While you might feel confused when you have no idea about dealing with cell communication analysis, it is because you do not possess a specific cellchat database of your own organism. Normally, this can only be done in humans or mice, or by matching homologous genes in your species. Now we provide a method that utilizes STRINGdb to predict interactions of your specific species as long as it has a reference genome. Alternatively, if you input a DGE list, we could assist you in predicting interactions and determining the reasons behind differential gene expression!

Installation

devtools::install_github("HallDaveNineteenNintysix/tocelldb")

Usage

Get a nodes file from STRINGdb

If you have a list of genes that you interested in, such as a DGE list, you can use 'get_nodes' function to get predicted interactions from STRINGdb.

# Do not run
get_nodes(identifiers, # A character vector of genes, such as c("CDC42","CDK1",
                       # "KIF23","PLK1","RAC2","RACGAP1","RHOA","RHOB").
  species = 9606, # NCBI taxon identifiers (e.g. Human is 9606, see: STRING organisms at
                  # https://string-db.org/cgi/input.pl?input_page_active_form=organisms/).
  required_score = 400, # threshold of significance to include a interaction,
                        # a number between 0 and 1000 (default depends on the network).
  partners=FALSE, # Whether provides the interactions between your set of proteins and all the other STRING proteins.
  limit=10, #  10 by default while partners set to TRUE. the number of interaction partners retrieved per protein (most confident interactions come first)
  network_type = "functional", # network type: functional (default), physical.
  show_query_node_labels = 0, # when available use submitted names in the preferredName
                              # column when (0 or 1) (default:0)
  add_nodes = 10, # adds a number of proteins with to the network based on their confidence score,
                  # larger number will return more interactions.
  caller_identity = "Anonymous" # your identifier for STRINGdb.
  )

Let's have a try with Rhinolophus ferrumequinum (greater horseshoe bat).

library(tocelldb)
rfq_nodes <- get_nodes(c("PPAT","GPR143","GAD1","ALDH5A1","GOT2","NAT8L","ASPA","FOLH1"), 
  species = 59479,
  required_score = 400,
  network_type = "functional",
  show_query_node_labels = 0,
  add_nodes = 10,
  caller_identity = "Dave"
)

Then, we use 'rfq_nodes' as input with make to build a cellchatdb which can be used in CellChat analysis.

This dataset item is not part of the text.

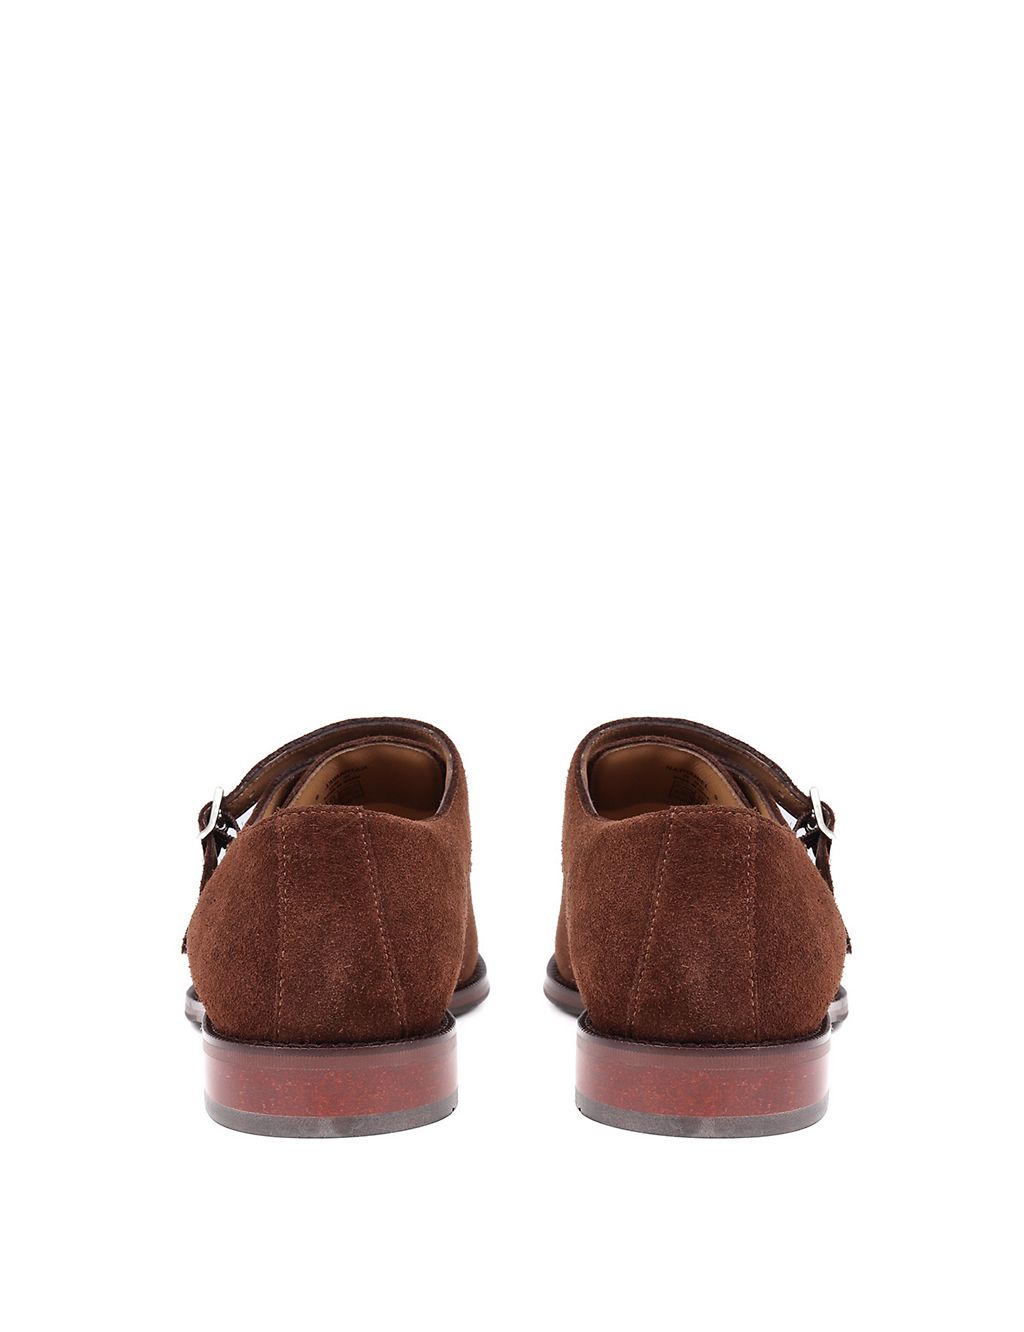 Suede Double Monk Strap Shoes 4 of 7

# Usage of make_customdb()
# Do not run!
make_customdb(interaction_nodes, # nodes file generated from get_nodes().
      gene_info = NULL, # gene & protein infomations generated from down_gtf() if you need to transform protein_id to gene.
    enrich = NULL, # A given pathway type, such as "KEGG:rfq00250", or "GO", as you wish, but better follow the CellChat db format.
    annotation = NULL # A given interaction type, one of "Secreted Signaling", "ECM-Recptor", "Cell-Cell Contact", "Non-protein Signaling".)
# Start here
rfq_cellchatdb <- make_customdb(rfq_nodes, enrich = "KEGG:rfq00250", annotation = "Secreted Signaling")

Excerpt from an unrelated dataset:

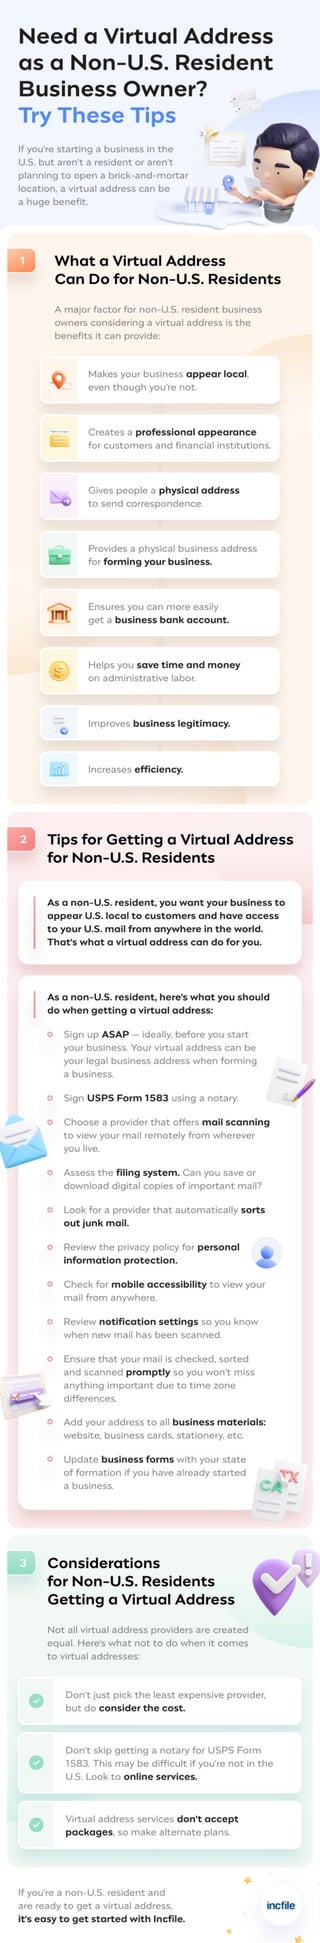 Do's and Don'ts of Getting a Virtual Address for a Non-U.S. Resident Business

Make a customized cellchatdb

We can download 'Protein(FASTA)' and 'Annotation features(GTF)' from NCBI. Then upload 'Protein(FASTA)' file, normally names 'protein.faa' to STRINGdb to add new organisms. After processing, we can search for our interested protein or pathways, then export .tsv files (...as short tabular text output) for input of make_customdb() from a STRINGdb network, and 'genomic.gtf' as gene_info parameter.

# Usage of make_customdb()
rfq_cellchatdb <- make_customdb("nodes.tsv", gene_info = 'genomic.gtf',enrich = NULL, annotation = NULL)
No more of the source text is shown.